Let’s talk weather with our ongoing series on WTF Blog Design Clutter.
Honestly, do you need a weather report on your blog?
Before you answer, ask yourself if it important to someone who lives 3,000 miles away that it’s a pleasantly cloudy day in your neck of the planet? Does it help them understand what you blog about or why?
If you are blogging the weather, then temperatures, humidity, and general weather status reports are appropriate and helpful. If you are a financial adviser, you better display the weather report for the stock markets you cover as that can impact commodities, and skip the rainy forecast in Montana where you call home.
If you are blogging about a region, then a weather report of current and past and future conditions is helpful for those within your area as well as traveling to the area.
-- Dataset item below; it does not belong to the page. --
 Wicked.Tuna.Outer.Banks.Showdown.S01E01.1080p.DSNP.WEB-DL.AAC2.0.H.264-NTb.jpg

The concept of “weather small talk” isn’t important in the online social world today as it is when chatting with neighbors or people in a social gathering face to face. “Whew! It’s been a hot one, hasn’t it?” doesn’t apply when you are chatting on your blog with someone who lives on the other side of the planet where it is winter right now.
Yet, many new bloggers love the weather gadgets and widgets and add them to their blog. So who uses them? Honestly?
You do.
You check out your blog on a regular basis and you see the weather report. It’s important to you – and only you. Not your readers. They are there for YOU not the weather where you are – unless you are blogging about the weather where you are.
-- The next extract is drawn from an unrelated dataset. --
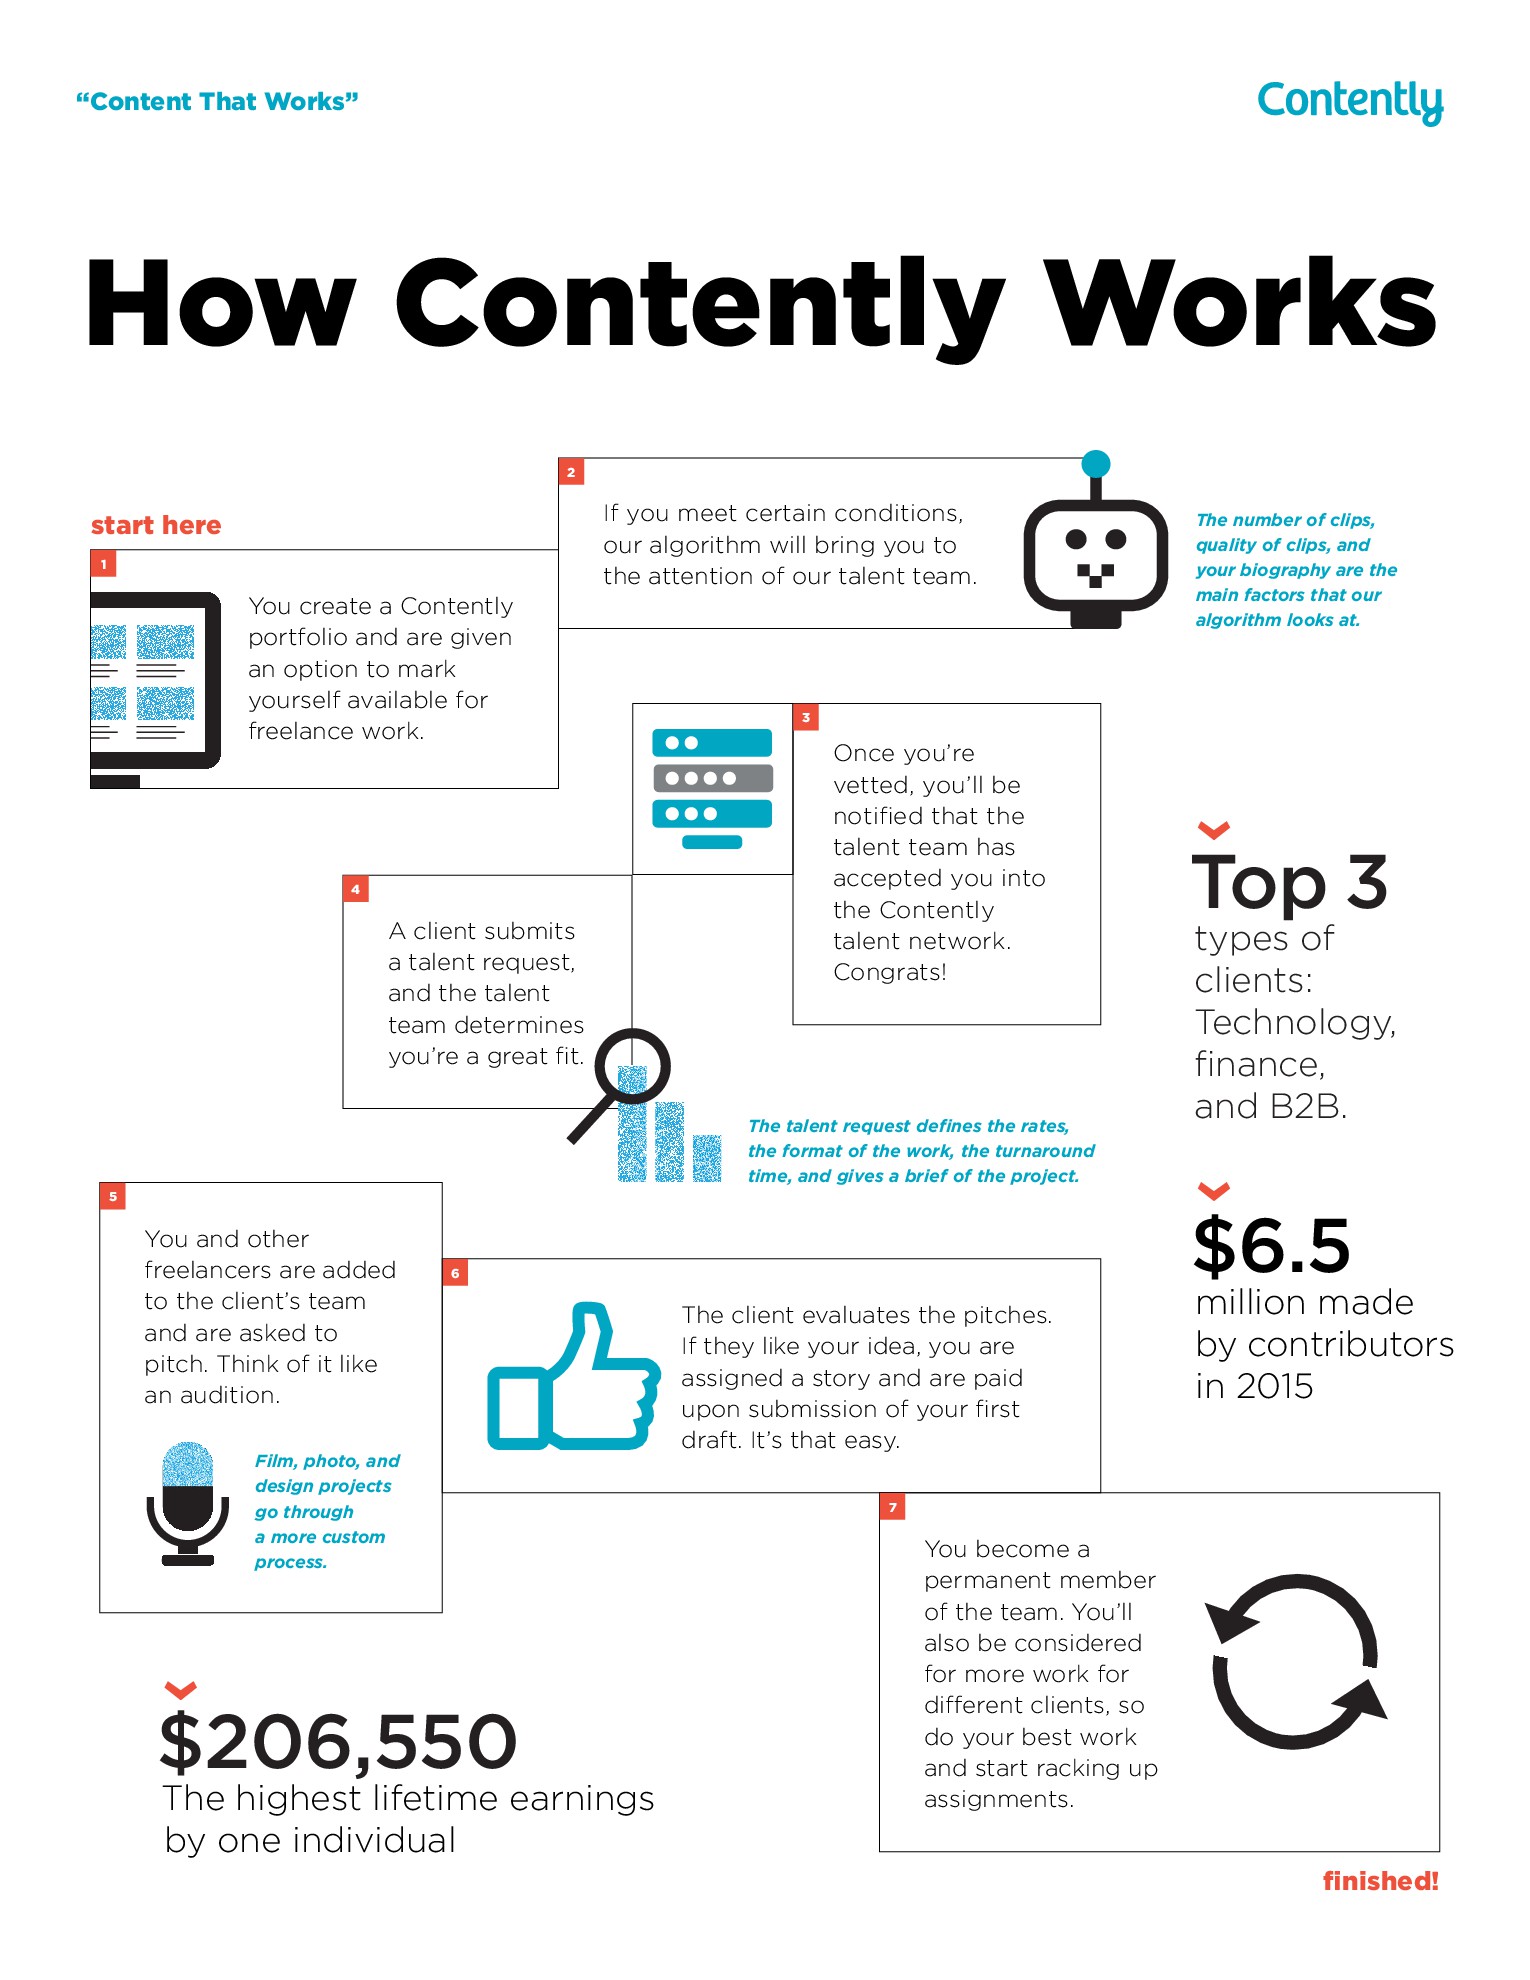 How Contently Works for Freelancers

Weather widgets come and go in popularity when weather impacts lives. The heavy hurricane season of 2005 created a huge demand for weather widgets for bloggers, especially those blogging in hurricane prone target areas. The WunderBlogs of Weatherunderground grew dramatically from only a few to hundreds of bloggers reporting on the weather in their area, giving first hand perspectives on the path of the storms.
If that’s your blog’s focus, make the weather maps and reports prominent. If it is isn’t, is it just fun clutter? If your readers aren’t using it, and really don’t care, maybe it’s time for something better in its spot? If you need the weather report, why not add it to your browser or desktop so you can access it any time.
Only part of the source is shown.